═════ Extracted records

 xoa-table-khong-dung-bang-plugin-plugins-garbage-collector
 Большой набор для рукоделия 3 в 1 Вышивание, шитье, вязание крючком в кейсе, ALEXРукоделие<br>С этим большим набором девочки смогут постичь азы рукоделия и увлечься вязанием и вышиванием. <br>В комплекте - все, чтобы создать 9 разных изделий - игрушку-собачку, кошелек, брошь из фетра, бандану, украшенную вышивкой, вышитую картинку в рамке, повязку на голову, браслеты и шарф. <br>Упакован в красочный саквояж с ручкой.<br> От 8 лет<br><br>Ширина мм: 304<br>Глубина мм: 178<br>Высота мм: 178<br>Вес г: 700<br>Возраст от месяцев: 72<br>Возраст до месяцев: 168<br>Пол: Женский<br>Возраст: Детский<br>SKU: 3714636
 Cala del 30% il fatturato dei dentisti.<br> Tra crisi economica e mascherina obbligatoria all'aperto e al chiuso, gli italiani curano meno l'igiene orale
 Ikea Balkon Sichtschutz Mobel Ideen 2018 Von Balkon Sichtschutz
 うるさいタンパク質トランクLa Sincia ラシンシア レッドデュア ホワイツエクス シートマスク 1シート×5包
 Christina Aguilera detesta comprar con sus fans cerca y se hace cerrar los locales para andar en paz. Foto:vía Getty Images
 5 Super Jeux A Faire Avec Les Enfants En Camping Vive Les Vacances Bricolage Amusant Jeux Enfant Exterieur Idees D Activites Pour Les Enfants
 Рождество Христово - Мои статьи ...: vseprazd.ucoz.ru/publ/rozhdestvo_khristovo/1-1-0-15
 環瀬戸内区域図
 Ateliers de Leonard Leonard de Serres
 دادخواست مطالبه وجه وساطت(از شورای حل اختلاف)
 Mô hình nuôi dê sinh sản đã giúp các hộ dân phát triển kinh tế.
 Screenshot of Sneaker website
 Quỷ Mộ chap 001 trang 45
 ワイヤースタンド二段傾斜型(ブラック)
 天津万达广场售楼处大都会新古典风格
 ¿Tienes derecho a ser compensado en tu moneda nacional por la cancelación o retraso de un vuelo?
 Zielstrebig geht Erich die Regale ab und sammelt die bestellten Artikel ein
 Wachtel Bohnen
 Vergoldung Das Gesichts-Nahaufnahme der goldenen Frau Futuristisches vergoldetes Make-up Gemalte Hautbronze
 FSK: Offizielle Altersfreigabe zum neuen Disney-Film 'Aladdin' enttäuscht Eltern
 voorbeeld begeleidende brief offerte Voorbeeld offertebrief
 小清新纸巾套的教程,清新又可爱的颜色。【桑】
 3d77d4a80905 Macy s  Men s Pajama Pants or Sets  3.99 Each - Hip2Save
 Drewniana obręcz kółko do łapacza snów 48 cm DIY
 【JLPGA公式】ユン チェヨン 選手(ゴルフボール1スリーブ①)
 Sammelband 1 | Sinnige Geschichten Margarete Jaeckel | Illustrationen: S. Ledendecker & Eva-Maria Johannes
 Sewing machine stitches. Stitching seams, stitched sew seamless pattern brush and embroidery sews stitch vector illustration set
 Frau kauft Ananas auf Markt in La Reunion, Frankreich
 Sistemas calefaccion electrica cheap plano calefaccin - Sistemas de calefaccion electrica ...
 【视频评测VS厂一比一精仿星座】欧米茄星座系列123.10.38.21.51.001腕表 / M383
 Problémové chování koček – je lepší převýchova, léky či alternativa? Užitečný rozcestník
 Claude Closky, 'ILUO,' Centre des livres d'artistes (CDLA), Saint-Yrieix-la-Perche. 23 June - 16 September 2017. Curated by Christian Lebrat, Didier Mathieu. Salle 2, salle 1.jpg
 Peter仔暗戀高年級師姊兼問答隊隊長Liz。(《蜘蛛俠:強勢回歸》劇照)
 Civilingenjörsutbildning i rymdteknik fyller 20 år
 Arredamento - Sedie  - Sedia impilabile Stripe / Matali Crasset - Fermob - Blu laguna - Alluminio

══════════

Action item:
Give the number of lines in the records that contain the string "Frau", with no other output.

Solution below:
2